要说毓嶦为何会落到如此尴尬的境地,还得回到1929年。那年他才六岁,却已随父亲溥伟在大连挤进租界狭小的洋楼。老清室的俸银早停了,族亲四散,他却依旧被要求背诵《四书》、练小楷。大人们说这叫“守家法”,可在孩子眼里不过是一张越来越薄的面子。1937年父亲去世,母亲典当首饰换米粮,他真正体会到断炊的滋味。也正因为饥寒交迫,他才会在十四岁时带着几件旧衣踏上驶往长春的慢车,希望借“皇帝私塾”讨口饭吃。
第一次踏进新京伪皇宫,金色栏杆反射的光晃得人睁不开眼。溥仪用半生不熟的官腔宣布:“从此只讲君臣,不谈叔侄。”那句冷冰冰的断语,像刀子一样把血缘切得干干净净。

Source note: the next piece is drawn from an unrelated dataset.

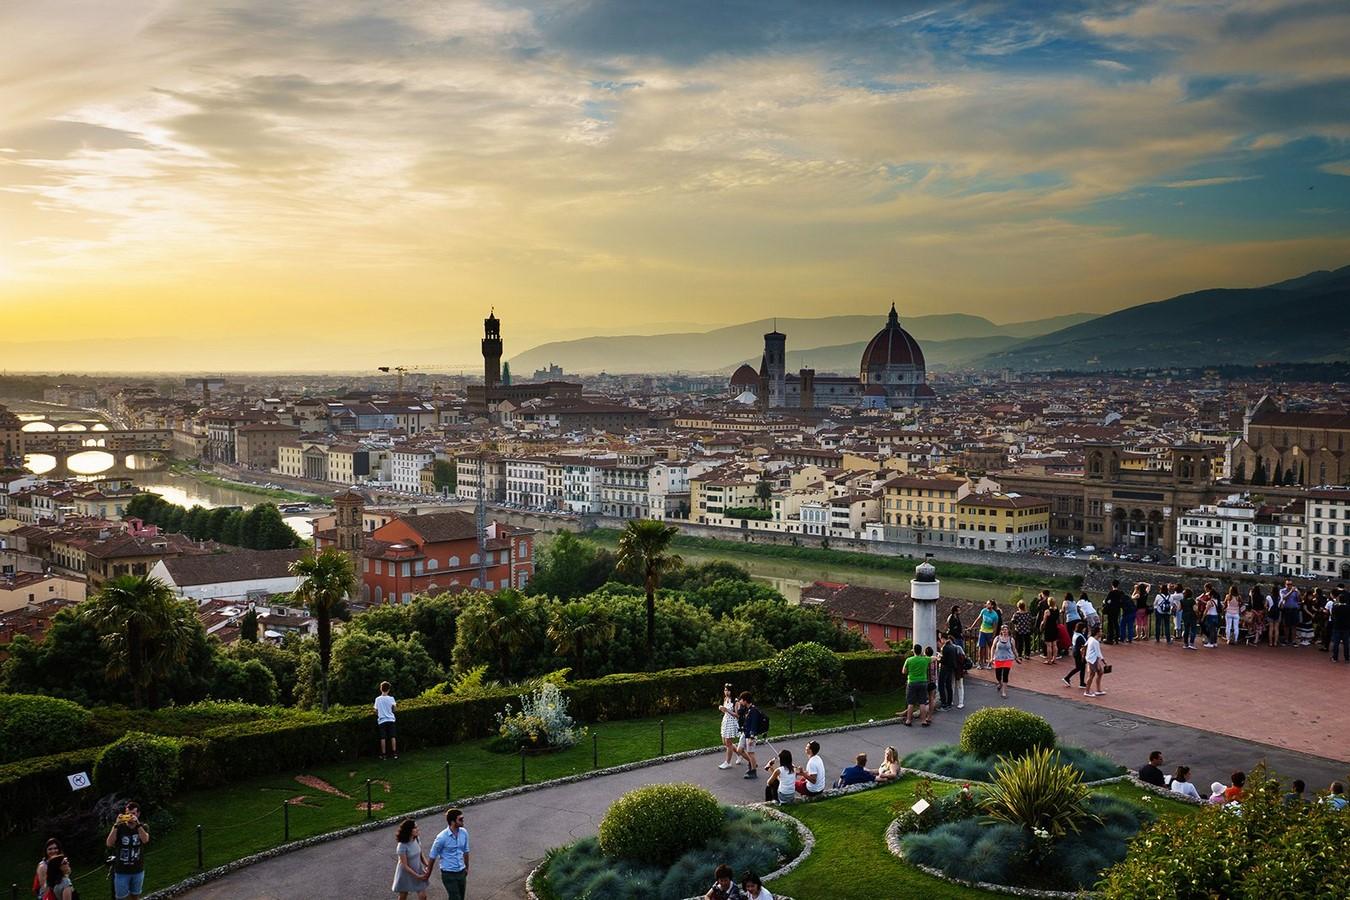 Piazzale Michelangelo - Sheet1

五个学生排成一线,日出读经,日落行跪拜礼。别看人数不多,规矩却和故宫时期差不了多少:早饭站着听训,行礼时掌心向下不得抖动。稍有差池,藤条立刻落在掌背。对十四岁的毓嶦来说,恭亲王的封衔此刻成了笑柄,他只剩“毓某奴才”四个字。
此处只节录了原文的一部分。